Detection · Attribution · Discipline
  1. Detection. Every tick, before any handler runs, the workflow fingerprints every file in the tracked surface and compares it to the baseline. Any mismatch fires a structured assessment with a unified diff per changed path. The agent classifies each finding — accept it as canonical, fold it into the current bolt, open a finding for next iteration, or rewind to the stage the change invalidated.
  2. Attribution. Changes aren't just found, they're labeled. Human edits routed through the engine arrive tagged as human edits. Uploads through the browser arrive tagged as uploads. Anything else gets labeled ambiguous, because the system can't prove who wrote it — and the workflow records that ambiguity instead of papering over it.
  3. Discipline. The drift gate doesn't run the moment a human touches a file. It runs the next time the agent ticks. The workshop has no locks because real editors don't honor them. The compensating control is observation: every tick re-hashes, sees what happened since last tick, and reconciles. Writes can race. The reconciler doesn't.

That third one is the discipline that makes the other two work. Without it, the system either has to enforce locks it can't actually enforce, or it has to pretend nothing happened between ticks. Neither survives contact with a designer using Finder.

The PM's edit, end-to-end

The PM hand-edits unit-03-billing-policy.md and types into the chat: "I tightened the criteria. Take it from here."
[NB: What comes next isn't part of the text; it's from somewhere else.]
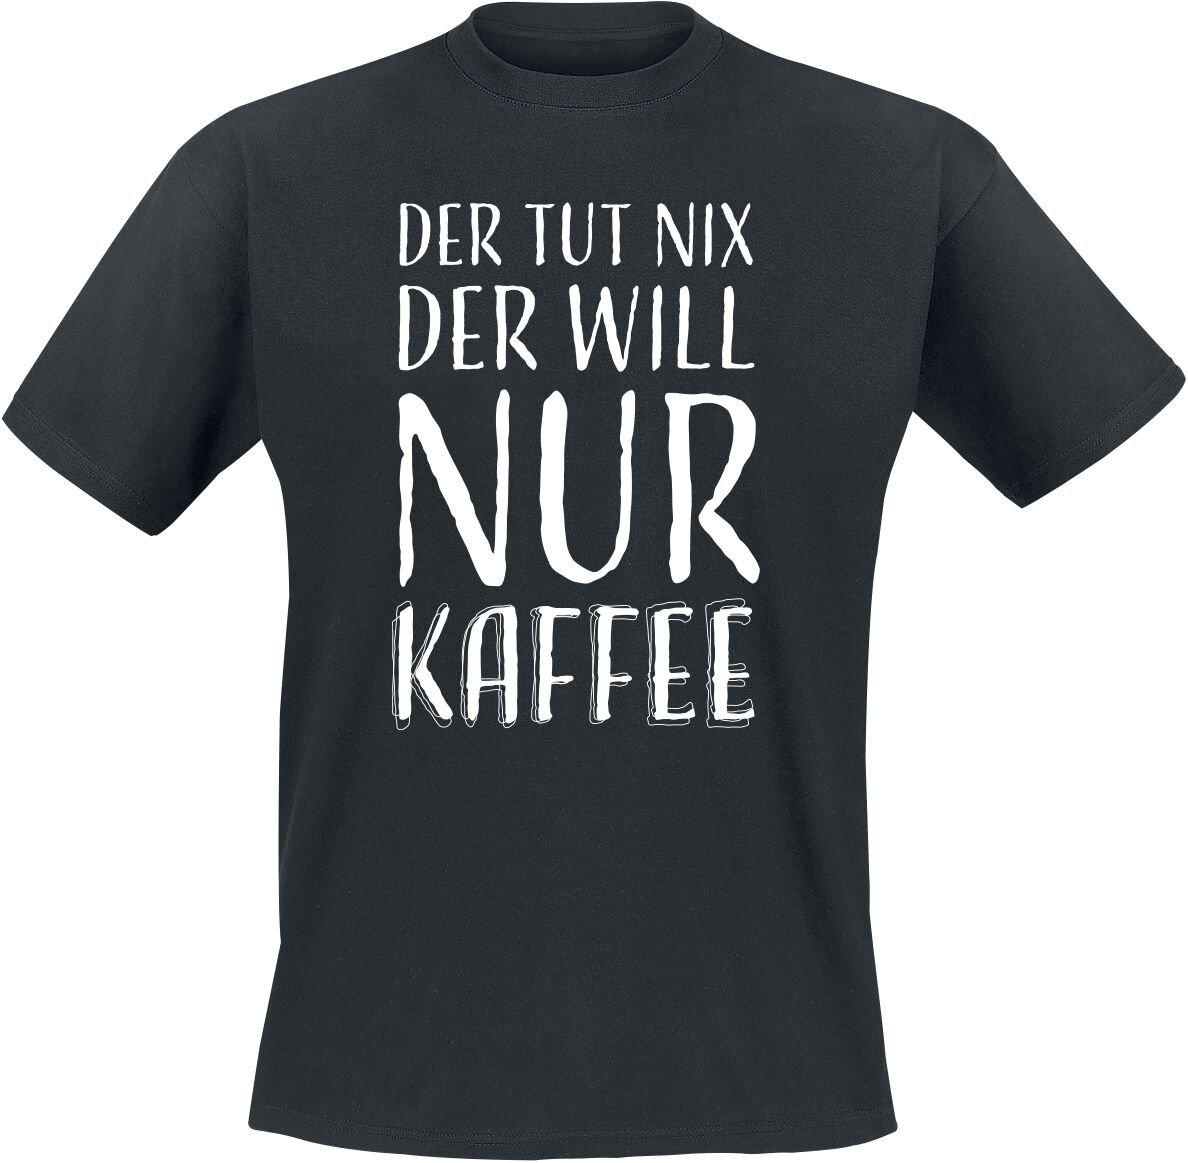 Sprüche T-Shirt - Der tut nix der will nur Kaffee - S bis 3XL - für Männer - Größe 3XL - schwarz

What used to happen and what happens now sit on the same scenario.

OursThe PM's edit, before and after

Before

The agent might pick up the edit on the next iteration. It might not. If a reviewer noticed the diff, it landed as "unexpected change" with no provenance. No record of who edited, no diff in the log, no place to push back.

After

The next tick re-hashes, finds the mismatch, hands the agent the unified diff with a unique tick ID. The agent classifies the change as canonical. The baseline updates. The unit's next hat reads the tightened spec.

No regeneration. No fight. The action log records the PM edited the file, the agent classified it, the baseline updated. Everything's on the record.

A different scenario: the designer drops fourteen PNGs into the design stage's artifacts directory. The drift gate notices fourteen new files and fires the assessment. Text files come with a unified diff. Opaque binaries — fonts, archives, PDFs — get the hash pair as the receipt and nothing else, because there's nothing else to render. Images sit between the two. The hash pair tells the engine what happened, but the useful diff for an image is visual: before-and-after thumbnails, side-by-side, on the assessment screen. Designs land as PNGs more often than they land as Markdown, and "look at this" is the diff that matters. The engine today treats every binary the same — image-aware drift is the next iteration. The agent classifies the additions as canonical, designer-provided artifacts. Next time /haiku:revisit design runs, the elaborate phase sees the PNGs as inputs, not as work to redo.

The intent dir is a workshop. The drift gate is the receipt every craftsperson hands in at the end of their shift. The action log is the ledger. The compensating control is observation, not permission.

What the user actually does

Nothing different. You drop files. You edit specs. You uploaded a brand kit through the SPA. You typed into the chat. You ran vim.

The workflow notices. It asks the agent to triage. The triage takes two seconds. Your edits stay. The pipeline integrates. The audit log records who did what.

The intent dir was a sandbox. Now it's a workshop.